In response to the AG, the Premier has committed himself, the MEC for Cooperative Governance and Traditional Affairs and the MEC for Finance to intensify their efforts in monitoring the implementation of action plans aimed at addressing previous years’ audit recommendations. The Premier also undertook to ensure that improved audit outcomes are sustainable by ensuring strict adherence to proper internal controls and compliance with laws and regulations, whilst sharing his concerns relative to municipal supply chain management prescripts and IT governance frameworks and controls.

Audit outcomes

An improvement from disclaimer in 2008-09 to financially unqualified with findings on predetermined objectives and/or compliance with laws and regulations, was achieved by Nkandla, KwaNongoma and Ubuhlebezwe.
Mfolozi, Nquthu and Ukhahlamba improved from a disclaimer of audit opinion in 2008-09 to a qualified audit opinion.
Six municipalities improved from a qualified audit opinion in 2008-09 to financially unqualified with findings on predetermined objectives and/or compliance with laws and regulations. These are Amajuba District municipality, The Big Five False Bay, Dannhauser, eMadlageni, Emnambithi/Ladysmith and Mpofana.
There was no regression of audit opinions for municipalities from the 2008-09 financial year.
With regard to compliance with laws and regulations, the AG’s report highlighted the significant increase in the amounts of irregular, unauthorised and fruitless and wasteful expenditure as a concern. Irregular expenditure primarily related to instances of non-adherence to the municipal supply chain management process.
Significant general control weaknesses were also reported in almost all instances where information systems controls were tested. Municipalities, in general, did not achieve significant progress in addressing the 2008-09 findings. This is attributed to lack of IT governance frameworks, user access controls, security control and capacity to manage their financial and performance information.

Service delivery findings

Reporting on service delivery is an area with which most municipalities in the province are struggling, primarily due to inadequate allocation of dedicated human resources to manage this function.

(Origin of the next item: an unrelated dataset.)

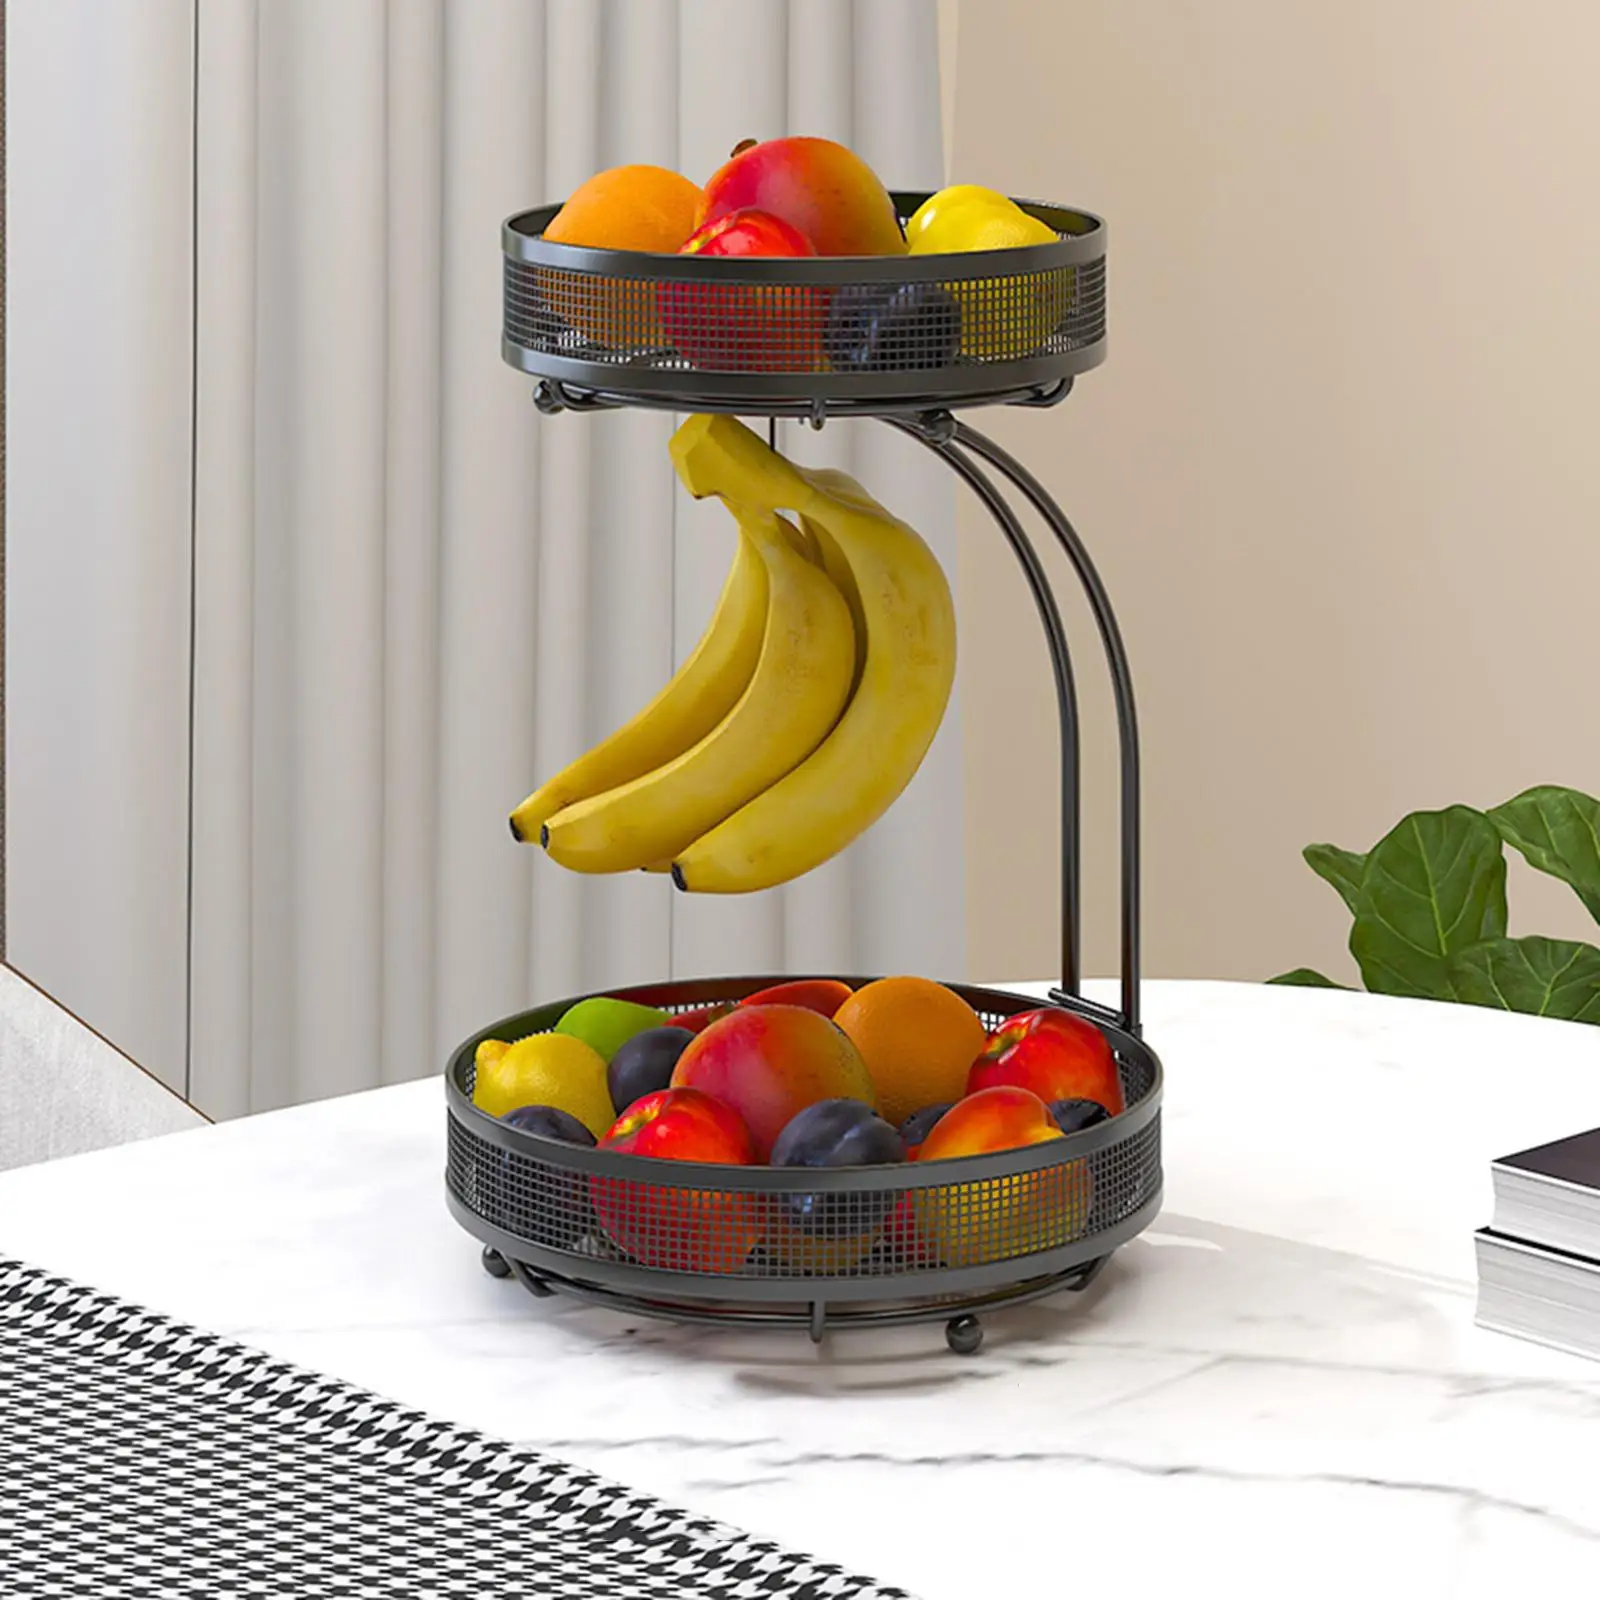 Metal 2 Tier Fruit Vegetables Basket with Banana Hanger Multifunction Fruit Vegetable Storage Holder Display for Vegetables

There is limited alignment of service delivery priorities to the performance agreements of senior management and staff, which in turn limits the ability of leadership at provincial and municipal level to monitor the status of service delivery objectively and transparently.
“The few municipalities that have adopted these disciplines have consistently recorded successes in the reporting and auditing of this area. It is our belief that such breakthroughs can also be achieved by the greater number of municipalities in the province if they can learn from and adopt the practices of the few successful ones. From our side we will continue to make ourselves available and provide timely and concise audit recommendations to support leadership in their efforts to boost their key internal controls and systems,” says Nombembe.